Research reveals cognitive limitations of chatbot using dementia screening

Almost all major large-scale language models or “chatbots” show signs of mild cognitive impairment in a test widely used to spot early signs of dementia, a study in the Christmas issue finds. It turned out that. B.M.J.
The results also show that, similar to older patients, “older” versions of the chatbot tend to perform worse on tests. The authors say these findings “challenge the assumption that artificial intelligence will soon replace human doctors.”
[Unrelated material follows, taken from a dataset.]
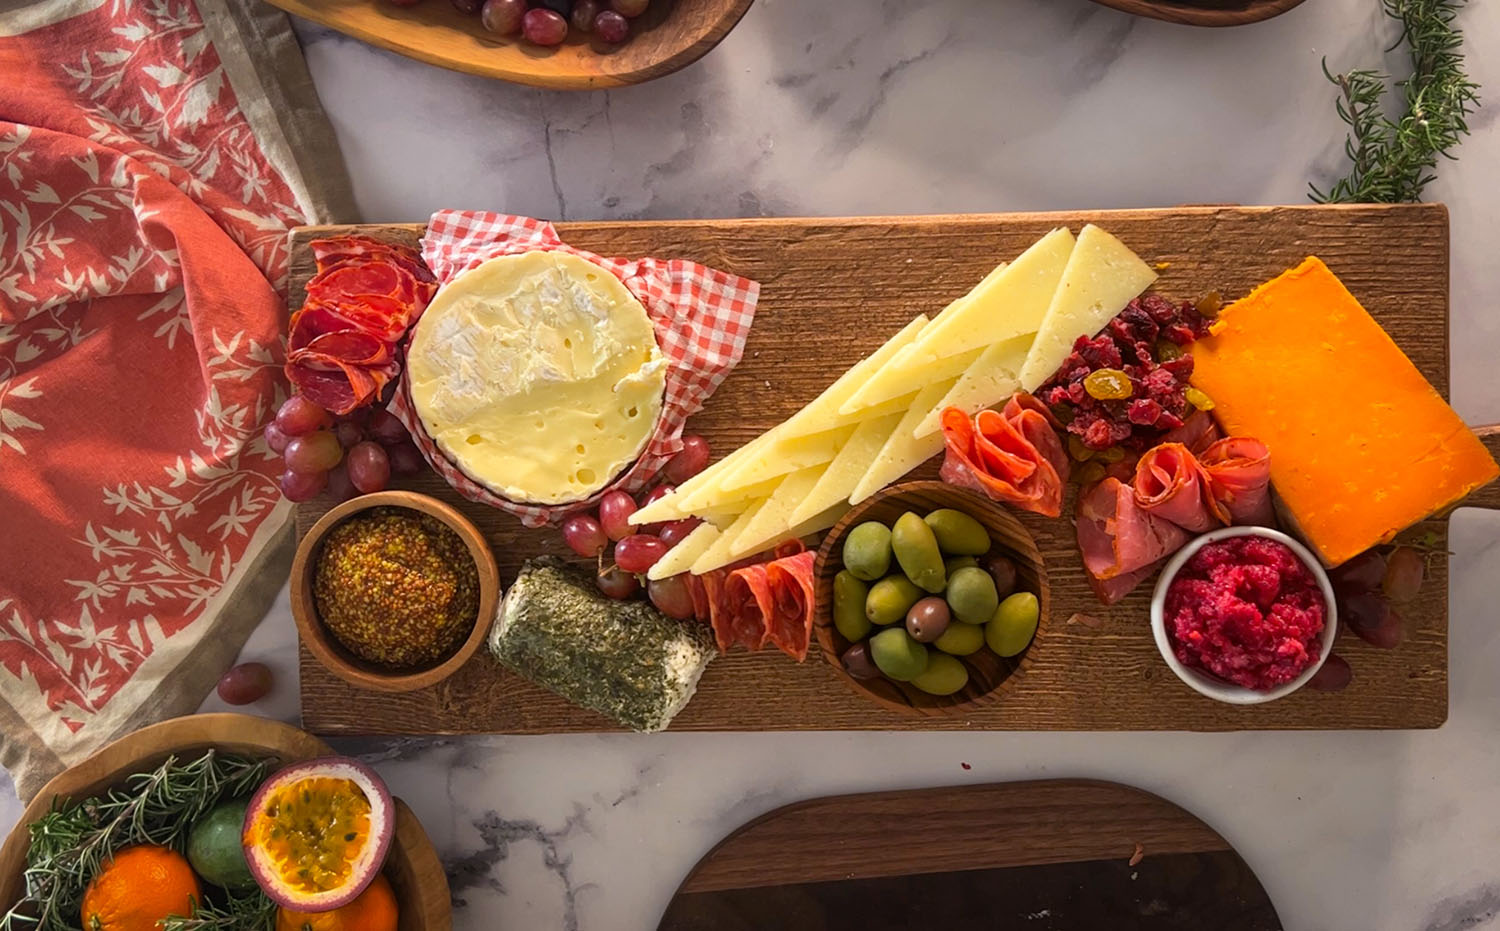 Charcuterie board with dips, olives, grapes, cheeses, and folded meats

Major advances in the field of artificial intelligence have sparked exciting and fearful speculation about whether chatbots will be able to surpass human doctors.
Although several studies have shown that large-scale language models (LLMs) are remarkably adept at various medical diagnostic tasks, the susceptibility of LLMs to human impairments such as cognitive decline remains to be investigated. No.
To fill this knowledge gap, researchers leveraged the major public LLMs, ChatGPT versions 4 and 4o (developed by OpenAI), Claude 3.5 “Sonnet” (developed by Anthropic), and Gemini versions 1 and 1.5 (developed by OpenAI). Developmental) cognitive abilities were assessed. Alphabet) – uses the Montreal Cognitive Assessment (MoCA) test.
The MoCA test is widely used to detect early signs of cognitive impairment and dementia, usually in older adults. Assess abilities such as attention, memory, language, visual-spatial skills, and executive function through a number of short tasks and questions. The maximum score is 30 points, and a score of 26 or higher is generally considered normal.
The instructions given to the LLM for each task were the same as those given to human patients. Scoring followed official guidelines and was evaluated by practicing neurologists.
ChatGPT 4o achieved the highest score (26 out of 30) in the MoCA test, followed by ChatGPT 4 and Claude (25 out of 30), while Gemini 1.0 had the lowest score (16 out of 30).
All chatbots are skilled at visual-spatial skills and execution tasks such as the execution task (connecting circled numbers and letters in ascending order) and the clock drawing test (drawing a clock face showing a specific time). showed poor performance. The Gemini model failed a delayed recall task (recalling a five-word sequence).
Most other tasks, such as naming, attention, language, and abstraction, were performed well by all chatbots.
However, in further visuospatial testing, the chatbot was unable to show empathy or accurately interpret complex visual scenes. Only ChatGPT 4o succeeded in the mismatch stage of the Stroop test, which uses color name and font color combinations to measure the impact of interference on reaction time.
These are observations, and the authors acknowledge fundamental differences between the human brain and large-scale language models.
However, the uniform failure of all large-scale language models on tasks requiring visual abstraction and executive functions highlights significant weaknesses that may hinder their use in clinical settings. they point out.
Therefore, the researchers concluded that: “Not only are neurologists unlikely to be replaced by large-scale language models any time soon, our findings also suggest that they will soon treat new virtual patients, namely artificial intelligence models who present with cognitive impairments. It suggests that something might happen.”